= DATA PROVIDED =

* * * * * * *

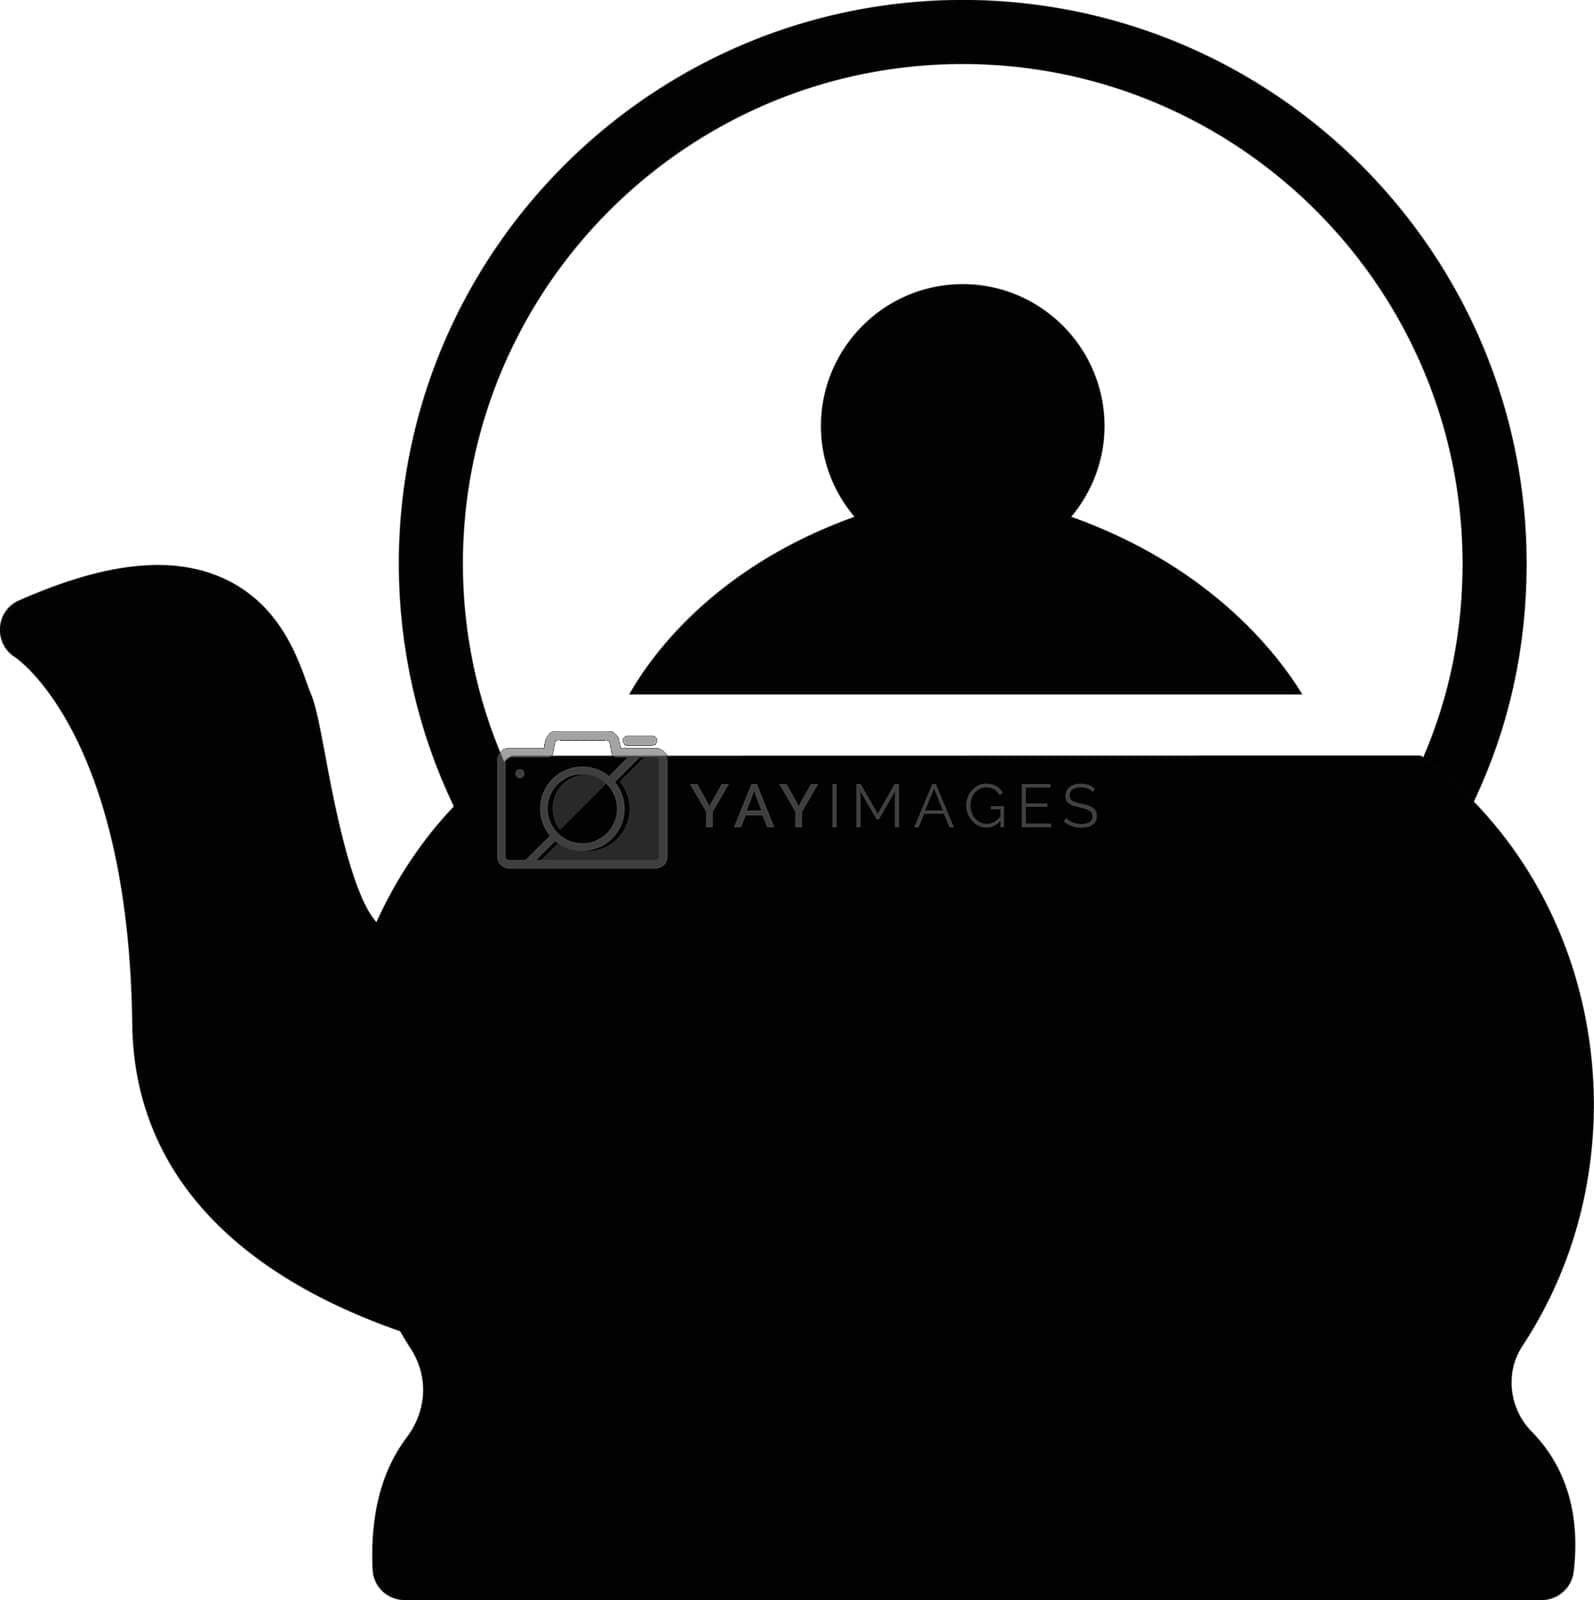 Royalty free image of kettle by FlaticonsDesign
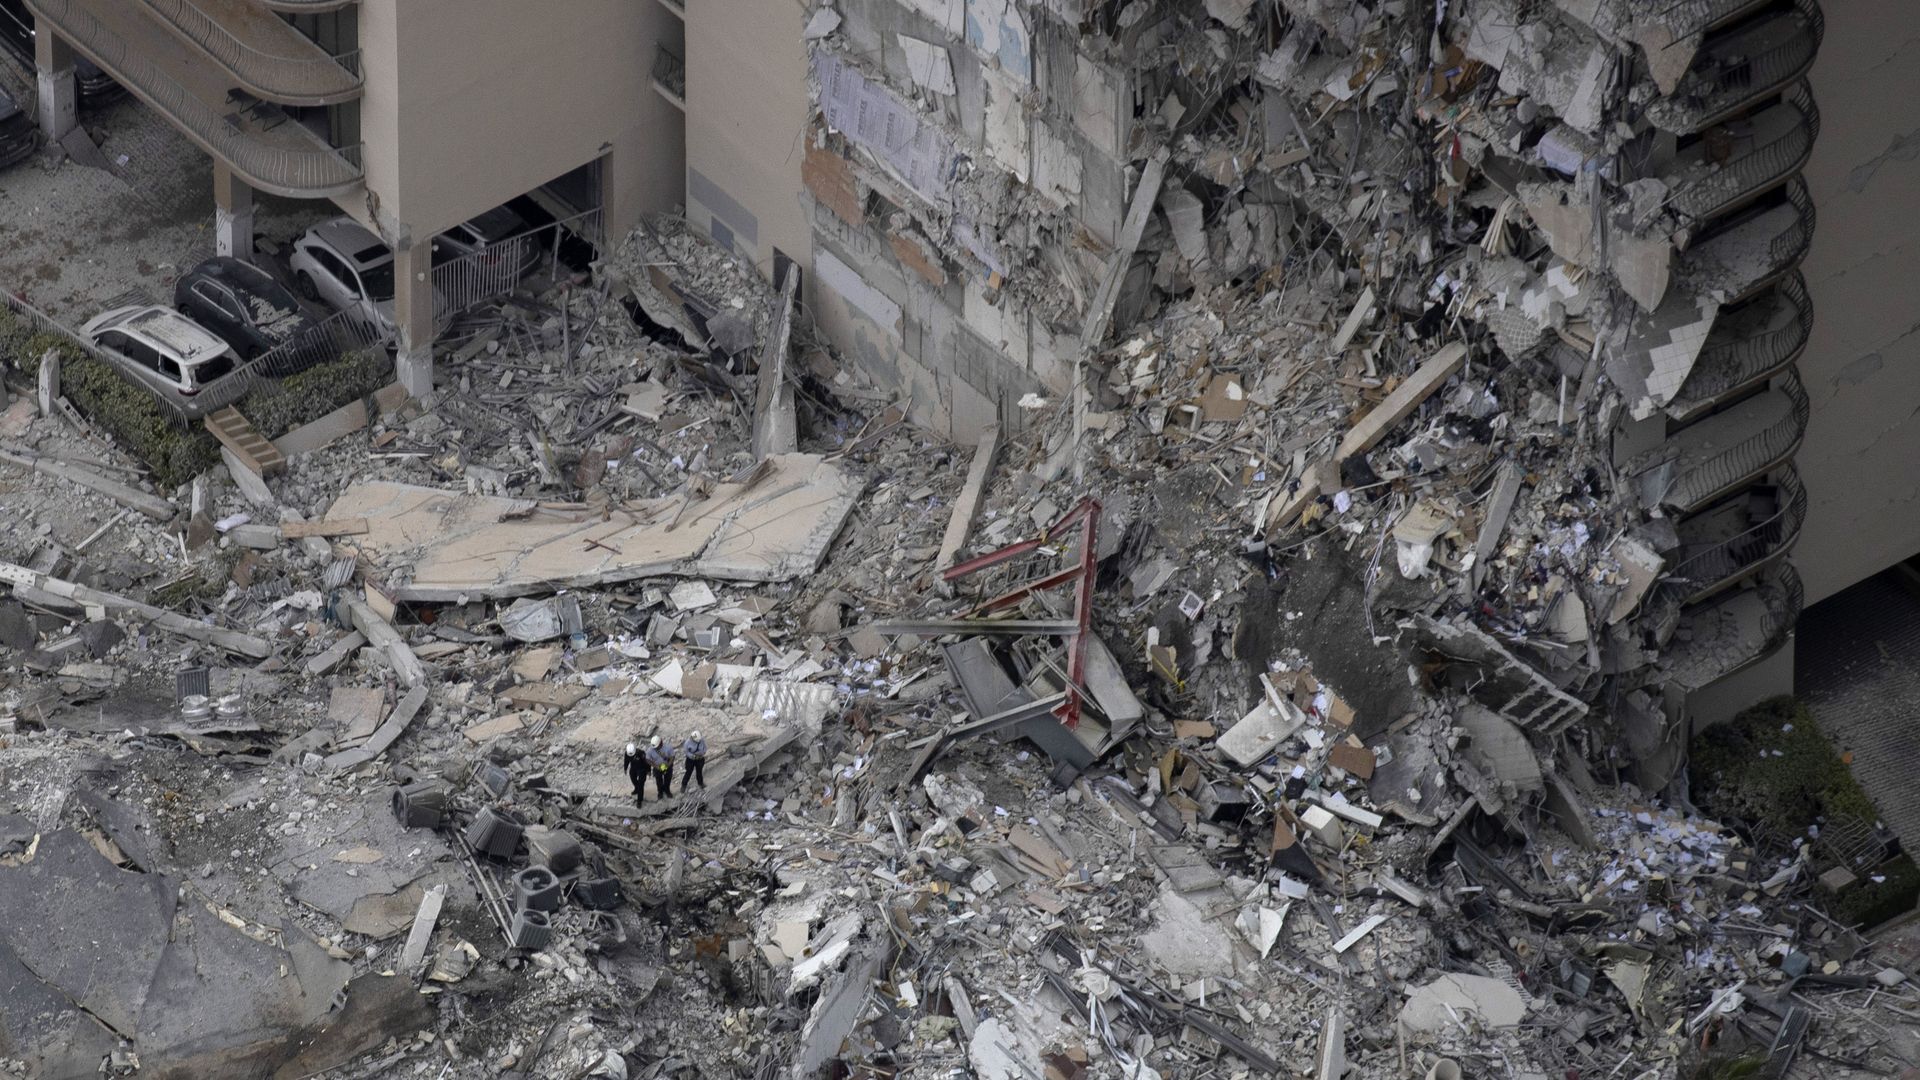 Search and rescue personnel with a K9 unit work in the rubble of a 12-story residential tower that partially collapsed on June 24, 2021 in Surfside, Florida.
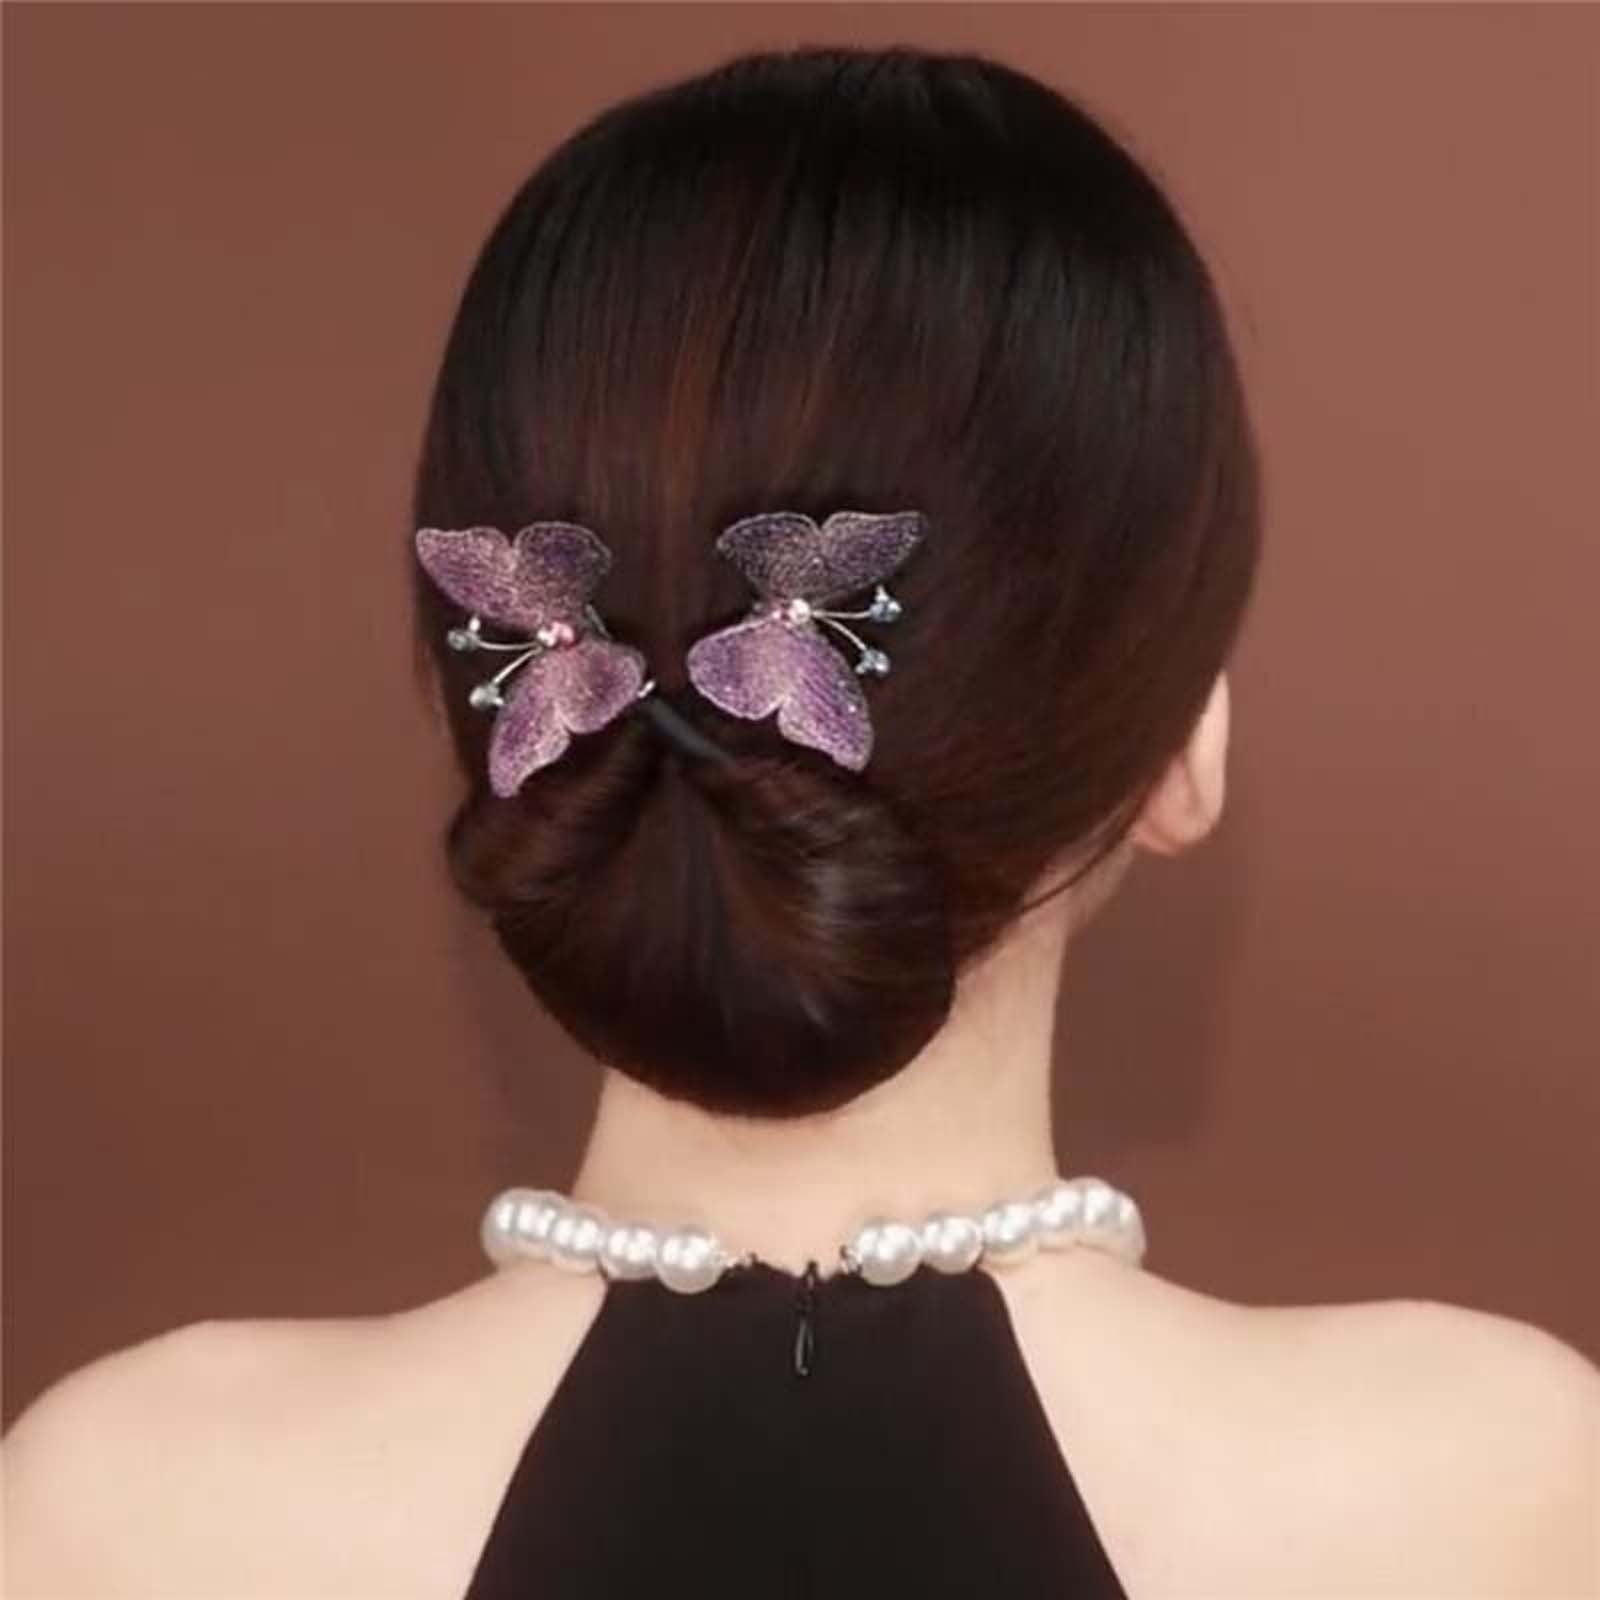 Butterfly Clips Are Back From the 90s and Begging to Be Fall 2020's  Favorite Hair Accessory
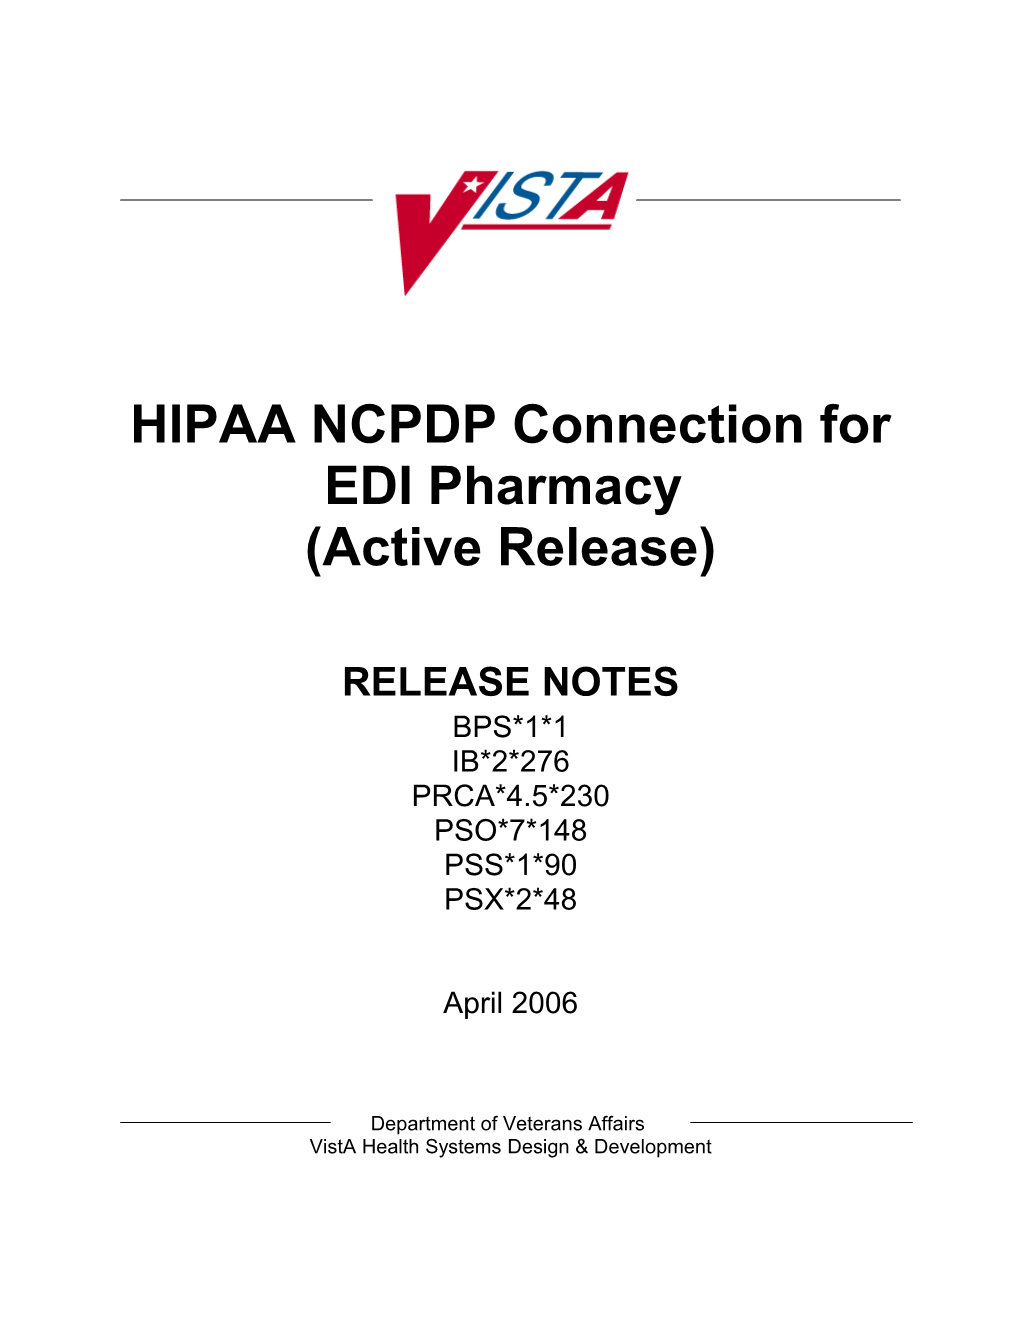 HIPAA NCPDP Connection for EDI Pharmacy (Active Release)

* * * * * * *

= WORK ORDER =
Leaving out only the pictures, return the material above unchanged.

= ANSWER TO THIS PROBLEM =
 Royalty free image of kettle by FlaticonsDesign
 Search and rescue personnel with a K9 unit work in the rubble of a 12-story residential tower that partially collapsed on June 24, 2021 in Surfside, Florida.
 Butterfly Clips Are Back From the 90s and Begging to Be Fall 2020's  Favorite Hair Accessory
 HIPAA NCPDP Connection for EDI Pharmacy (Active Release)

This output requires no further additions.